To use the weighed.mean function for our analysis, type and run:

weighted.mean(x = num.seiz, w = num.pat) # Determine the weighted average
[1] 8.580645

Note that this can be simplified to weighted.mean(num.seiz, num.pat) as long as the order of the arguments is unaffected. However, to avoid mistakes, we encourage the explicit use of the argument name whenever more than one argument is specified.


4.4. Searching for R-functions

So far we have given you the function names to perform the required analysis. You may now wonder: how do I find out which function(s) I can use to perform my own analysis?

There are a variety of ways to get you to the appropriate function(s):

  • See also. To search for related function in the help file of a function you are already familiar with. For instance, type and run ?mean. Under See also you’ll find links to the helpfiles of the related functions weighted.mean, mean.POSIXct and colMeans.
  • help.start(). If you run this command a new window will be opened in the helper viewer with several helpful links. For instance: you can use Search Engine & Keywords to search for the appropriate function for your analysis.
  • Rseek.org. An R search engine.
  • `Cheat sheets’. There are many cheat sheets that you find online. For instance: this one.

In our experience, however, a simple Google search is often quicker and sufficient. Suppose that we want to describe the variability of observations in a numeric vector by the interquartile range. A Google search will return multiple websites from which you will quickly learn that the function you are looking for is IQR(). Type and run:

obs3 <- c(1.1, 2, 1.4, 1.9, 2.5, 3.7, 4.2) # Store a set of numeric values as 'obs3'
IQR(obs3) # Determine the interquartile range
[1] 1.45

Notice that R is case sensitive! This means that IQR(), Iqr() and iqr() are considered different function names in R (the latter two do not exist).
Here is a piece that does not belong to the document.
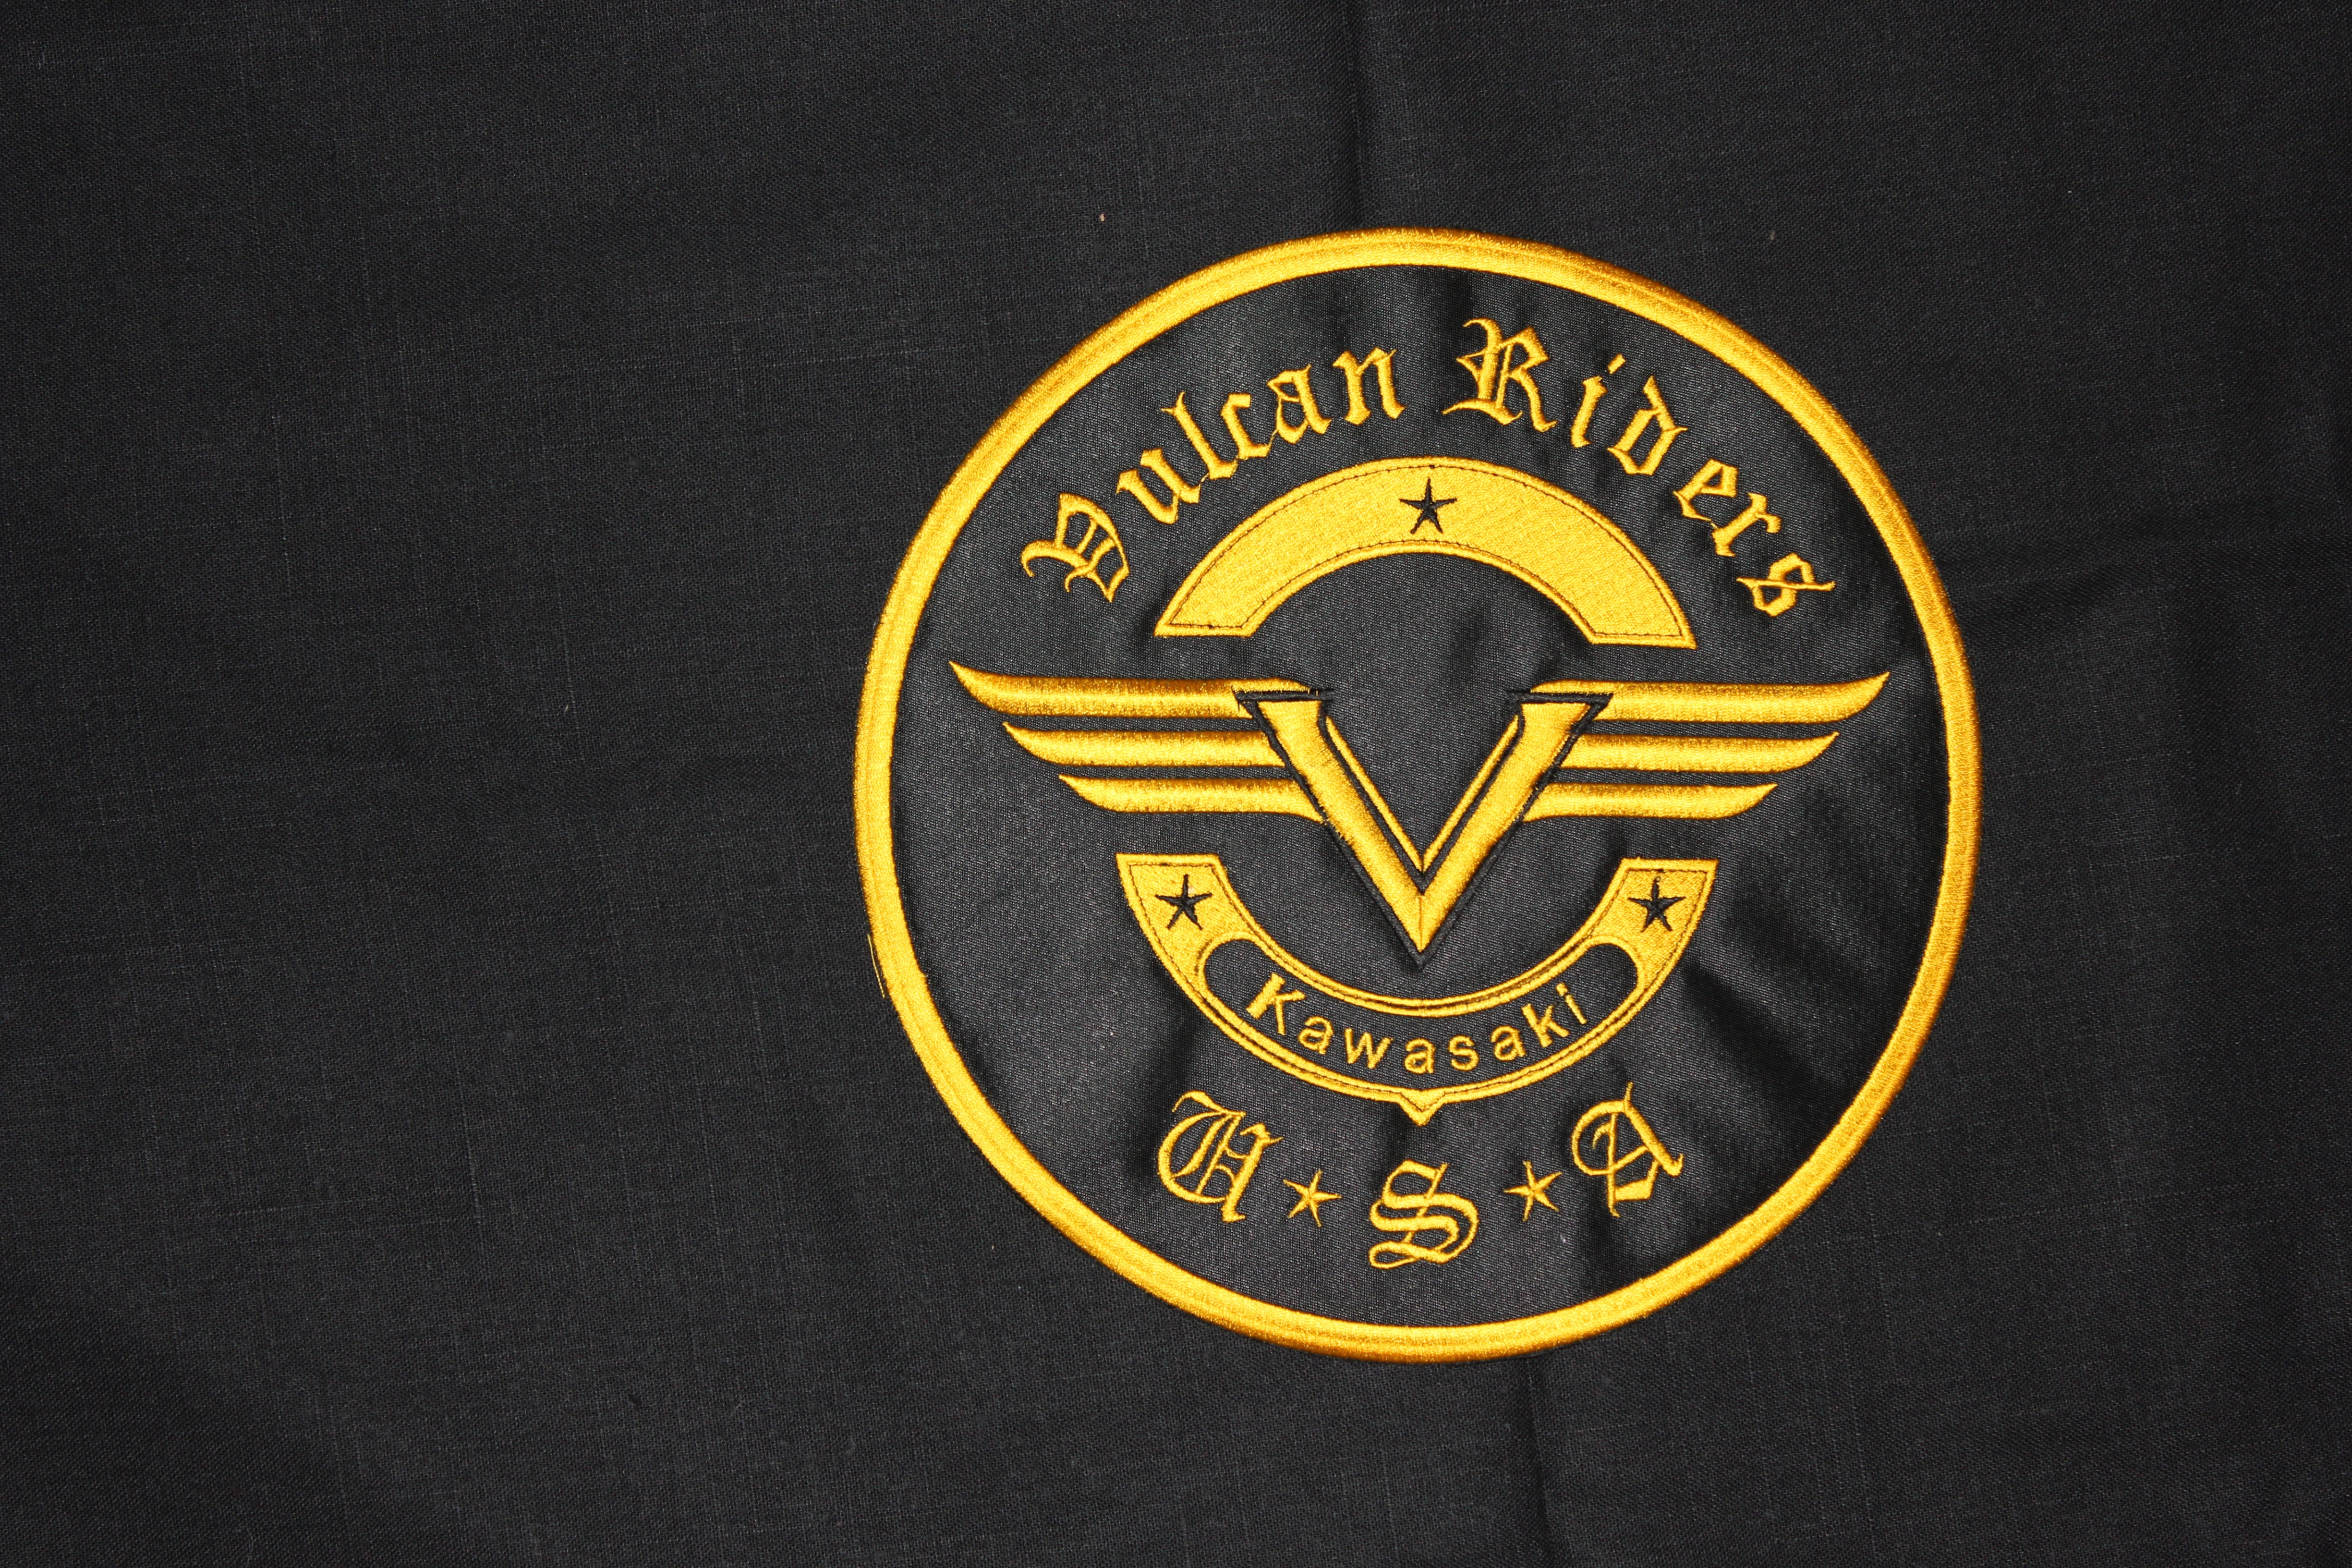 10" Vulcan Riders USA patch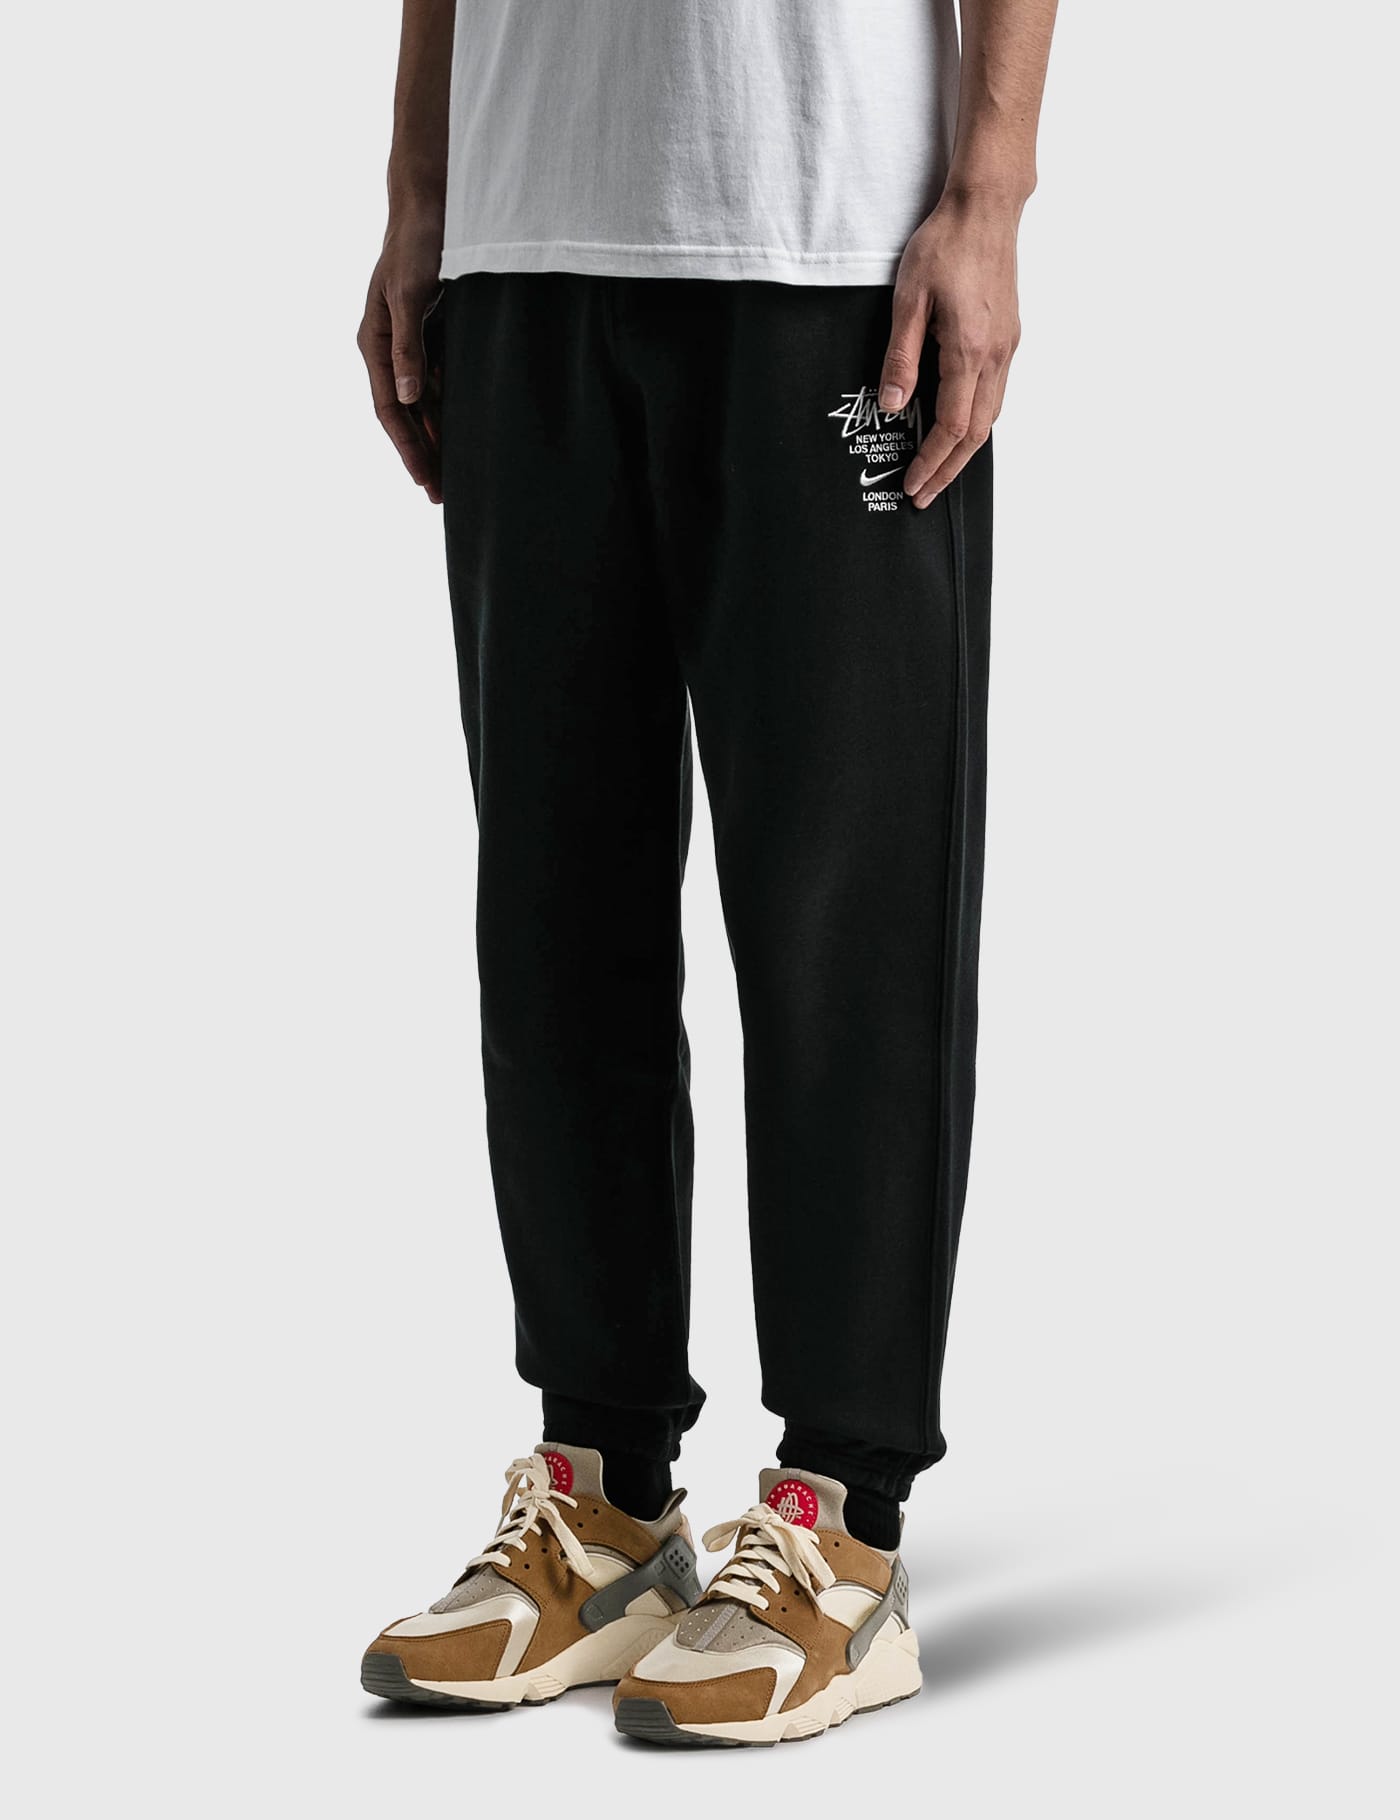 Nike - Stussy x Nike Fleece Pants | HBX - Globally Curated Fashion

Finally, there is no such thing as “the correct R function”. There are many functions with overlapping functionality.


Exercise 2

Consider the hypothetical data on smoking status for 100 individuals: 57 subjects never smoked, 28 subjects qualify as ex-smokers, and 15 are current smokers. These data can be visualized by means of a so-called pie chart:

Try to replicate this chart. Feel free to use any online information that you can find.

The solution to this exercise can be found here.


 


  1. In case you’re wondering: In R, missing values are represented by NA. For instance, when we have three observations, one of which is missing, we could specify e.g. obs4 <- c(21.3, NA, 25).